PostgreSQL Connections:
Caching¶
env:
- name: KC_CACHE
value: "ispn" # Infinispan (default, supports clustering)
- name: KC_CACHE_STACK
value: "kubernetes" # Auto-discovery in K8s
Disaster Recovery¶
Backup Strategy¶
apiVersion: postgresql.cnpg.io/v1
kind: ScheduledBackup
metadata:
name: keycloak-db-backup
namespace: keycloak-db
spec:
schedule: "0 2 * * *" # Daily at 2 AM
backupOwnerReference: self
cluster:
name: keycloak-db
Multi-Region Backup¶
backup:
barmanObjectStore:
destinationPath: s3://backups-us-east/keycloak-db
# Replicate to secondary region
# Then replicate S3 bucket to other region via AWS S3 replication
Recovery Time Objective (RTO)¶
| Component | Failure | RTO | Procedure |
|---|---|---|---|
| Keycloak Pod | Single pod failure | < 1 min | Automatic (K8s recreates) |
| Keycloak Node | Node failure | 2-5 min | Automatic (pods reschedule) |
| Database Primary | Primary failure | 30-60s | Automatic (CNPG failover) |
| Database Corruption | Data corruption | 10-30 min | Manual restore from backup |
| Full Cluster Loss | Region outage | 1-4 hours | Manual restore in new region |
Troubleshooting HA¶
Split Brain Detection¶
# Check if multiple primaries exist (should never happen)
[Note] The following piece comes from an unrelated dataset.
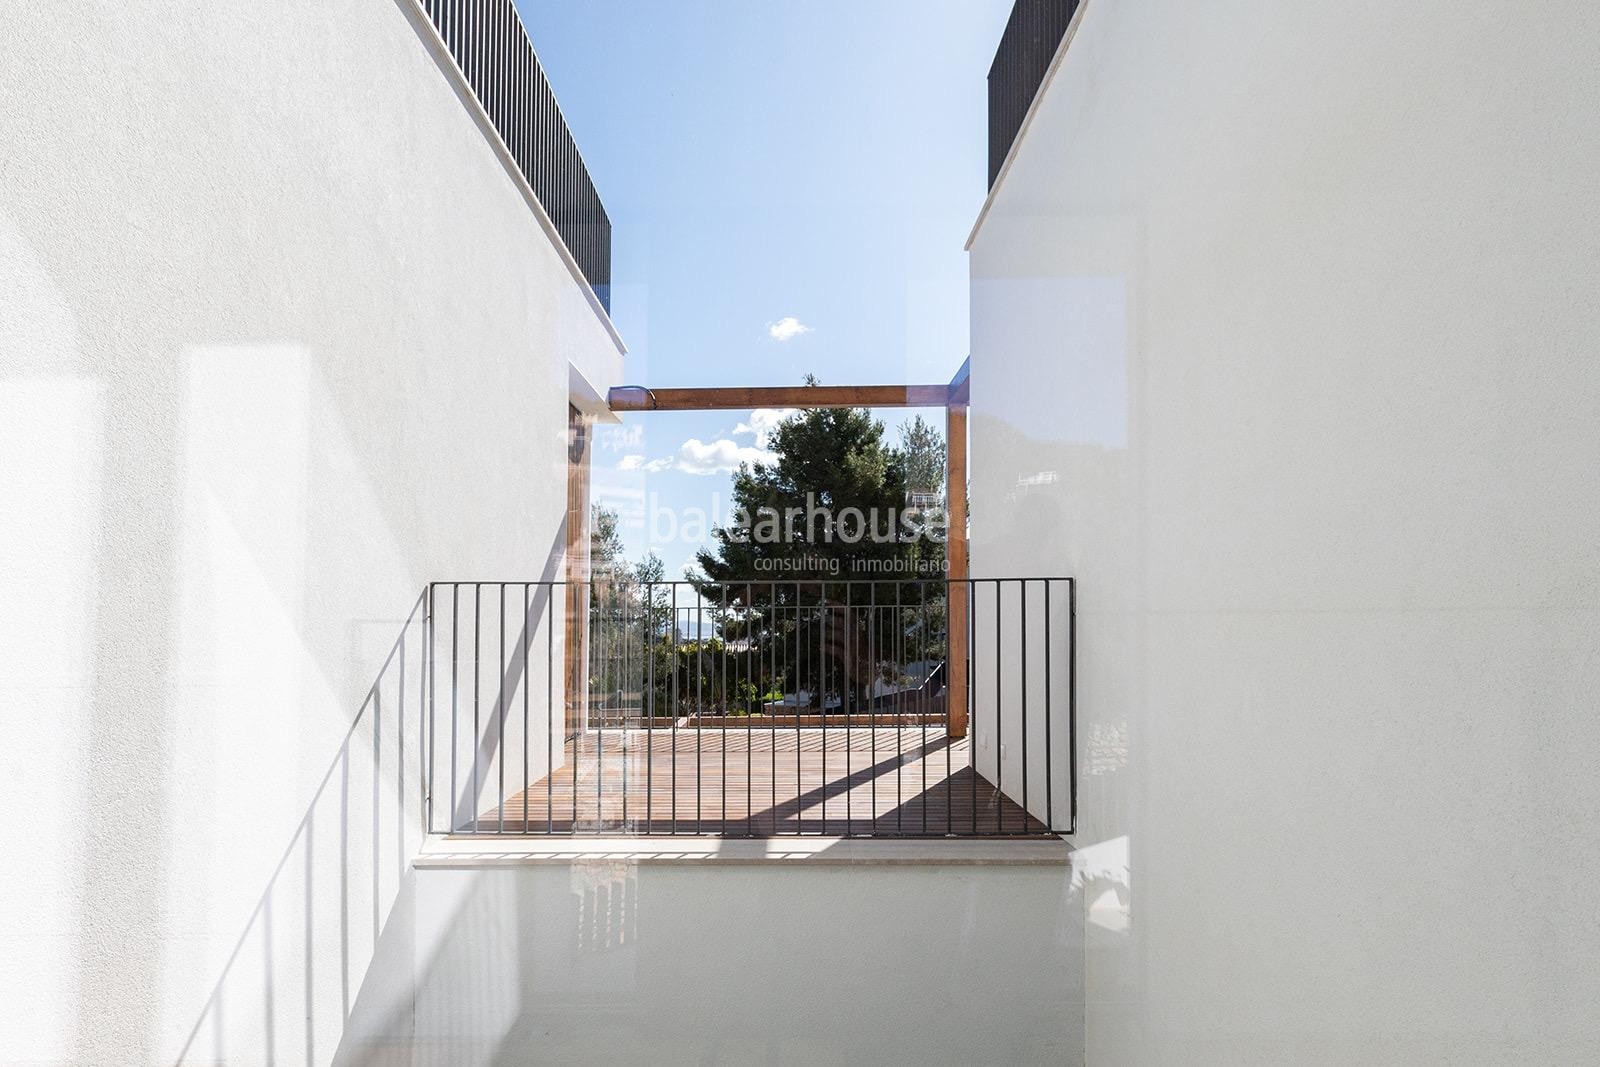 Espectacular villa nueva de diseño con altas calidades y fantásticas vistas a las colinas de Palma.

kubectl get pods -n keycloak-db -l role=primary
# Should show exactly 1 pod
# Check cluster status
kubectl describe cluster keycloak-db -n keycloak-db
Replication Lag Too High¶
# Check lag
kubectl exec -it -n keycloak-db keycloak-db-1 -- \
psql -U postgres -c "
SELECT
client_addr,
state,
sent_lsn,
write_lsn,
flush_lsn,
replay_lsn,
sync_state,
EXTRACT(EPOCH FROM (now() - replay_timestamp)) AS lag_seconds
FROM pg_stat_replication;
"
# Solutions:
# - Increase wal_sender_timeout
# - Check network latency between pods
# - Verify replica has sufficient resources
Session Affinity Issues¶
# Verify ingress session affinity
kubectl get ingress keycloak-ingress -n keycloak-system -o yaml | grep affinity
# Test with curl
curl -v -c cookies.txt https://keycloak.example.com/realms/master
curl -v -b cookies.txt https://keycloak.example.com/realms/master
# Should hit same pod (check response headers/logs)